Las buenas alumnas persiguen el diez, el
sobresaliente, el máximo galardón como agua en el desierto. Curiosamente, las
buenas alumnas pueden ser positivamente
descriptas como subjetividades sedientas: hay algo que se busca, algo que se persigue,
algo que demanda empeño y a lo cual se le entrega un tiempo invadido por el
deseo de encontrar-hacer-tener-poder eso. Pero… pero la “buena” alumna aprende
desde muy niña, desde las felicitaciones de papás y mamás, de maestras y
maestros, de directores y directoras, que lo que ha hecho vale siempre que se
cumpla un bicondicional: “Lo que hago tiene valor en sí mismo si y sólo si otro
superior-autorizado reconoce ante mí el valor que yo otorgo como idéntico valor
a sus ojos”. Y la buena alumna, ante el reiterado cumplirse de antecedentes y
consecuentes, condiciones suficientes y necesarias, ante esta normativa repetición forzada de la
fuerza de la normatividad para la apercepción del valor de sus búsquedas,
naturaliza que A conduce a B, que “valor para mí” y “valor para
otro-autorizante” se coimplican. Y entonces ocurre lo peor de todo: el problema
no es la necesidad de aprobación de otro del destino hipostasiado de la sed
propia (en algún punto esa sed se retroalimenta, se potencia, con ese otro
valor en conjunción a lograr); el problema es que se pierde, se borra, se
naturaliza la ausencia, de otra forma de experiencia posible de la sed, de la
búsqueda: la experiencia de hacer todo lo mismo (o no), de ir detrás de
objetivos idénticos (o no) sostenida solamente por la voluntad sostenida sola(o
privilegiada)mente en el propio deseo.
La buena alumna no sabe seguir tranquila su
deseo. No sabe autorizar-se simplemente por la identificación de su deseo. No
sabe dar valor si no valora en conjunción con algún otro asimétrico al final del
recorrido para aplaudir su esfuerzo, para prenderle la escarapela, para darle
una bandera, para firmarle una nota.
¿Cómo puede esta subjetividad tan sólidamente
constituida en años de libido anudada a autoridades autorizantes vivenciar un
placer que sea el de solo hacer lo que su deseo le dicte?

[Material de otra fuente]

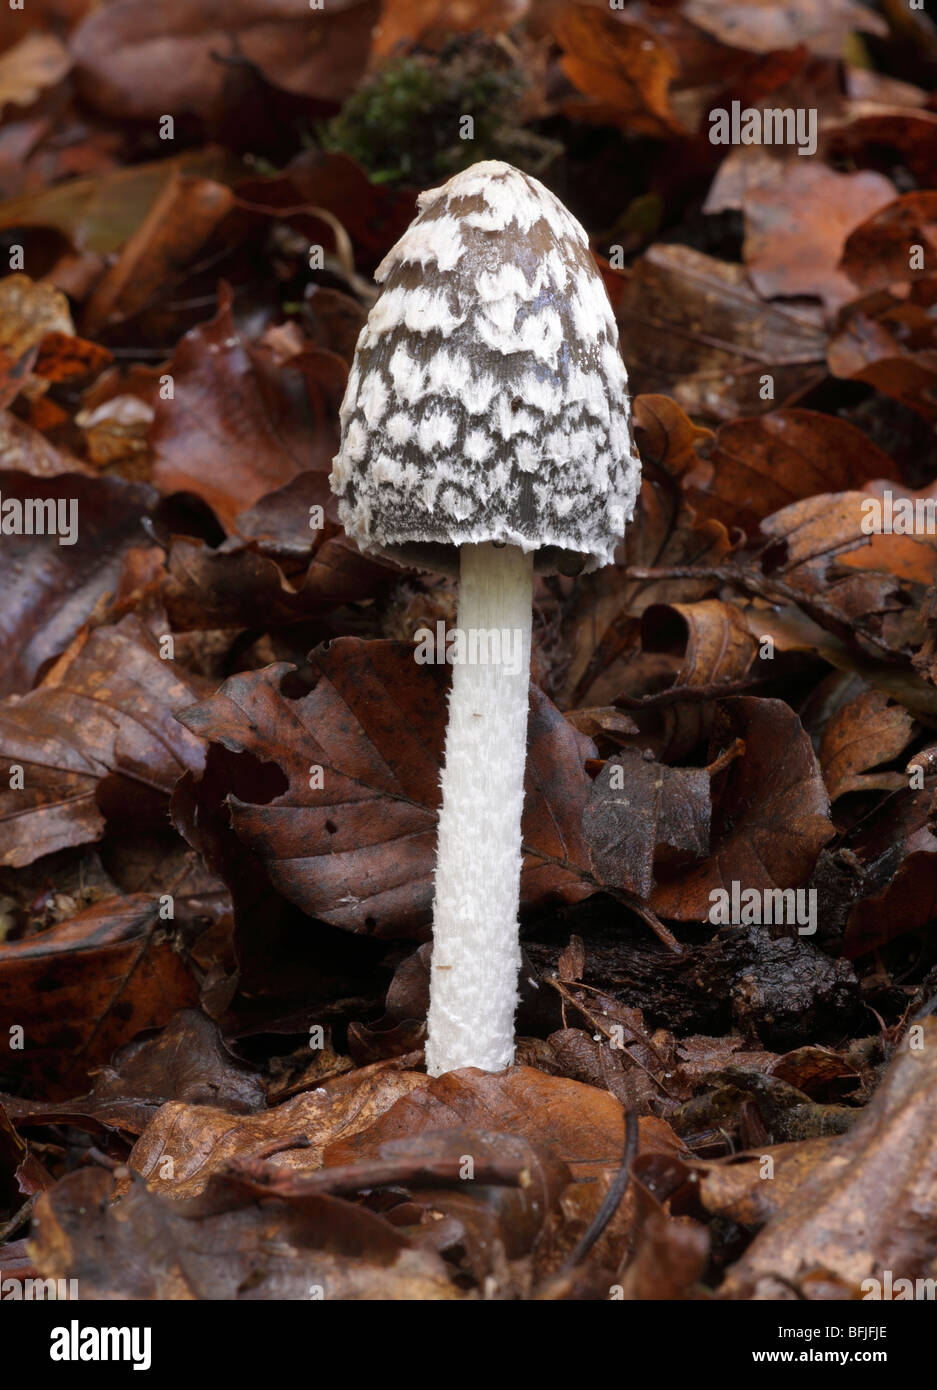 Magpie Ink Cap Fungus, Coprinus picaceus, on Leaves in Sussex, UK Stock Photo

¿Cómo puede la buena alumna evadir la
ansiedad que le provoca la idea misma de una autorización intransitiva?
¿Cómo escribir como Roland Barthes mismo
deseaba, intransitivamente, dejando el objeto de la escritura en un segundo
plano?
¿Cómo escribir para auto-constituirse en
escribiente deseante que se desea a sí misma en la práctica de su escritura,
así, como ahora, fuera de todo Puán, en el humilde balcón de su casa en una
tarde primaveral, entre la corrección de parciales para mañana y la preparación
de algún abstract o artículo para algún deadline?
¿Por qué para la buena alumna una experiencia
que debería ser banal, en el mejor sentido de inmediata, como la de “dejar de
hacer lo obligatorio por un momento” para “hacer lo deseado aunque sea por un rato” se
presenta como una tarea hercúlea, como una acción que demanda algún proceso
reflexivo-ético, como una emancipación del instante, de un instante rebelde,
desobediente, in-útil?
La buena alumna se hace todas estas preguntas
mientras se le vuelve patente su férreo entrenamiento a sentirse en deuda por
los parciales que “debería estar corrigiendo ahora”. ¿A quién le debe qué, la
buena alumna: le debe su ser aplicada a las instituciones que habita, o su
sentirse en deuda con las promesas de eficiencia que ha dado sin saberlo? ¿O se
debe a sí misma, en ese recóndito rincón no menor de su identidad buenalumnezca
por tantos años de reiteración así normativizada, el placer de obedecer la
norma de otro, el goce del diez por Otro dado, ese rush incontrolable de
adrenalina que desea seguir sintiendo en esos segundos entre que presenta su
tarea excelentemente hecha, merecedora de sobresalientes, que “seguro que está
más que bien pero…” y la performance del reconocimiento, la Palabra que estuvo
en el principio pero cuyo deseo de reiteración espera, el asentimiento que
quiebre la angustia excitante de confirmarle ese valor -que bien podría haberse
donado ella sola?
¿Cuánto tiempo más habrá de perder, por no
autorizarse a perderse en la escritura, la buena alumna que se aniquila y
resurge masoquistamente en esos previos instantes a recibir el Sí, el diez, la
bendición, de la adecuación sobresaliente a la Norma?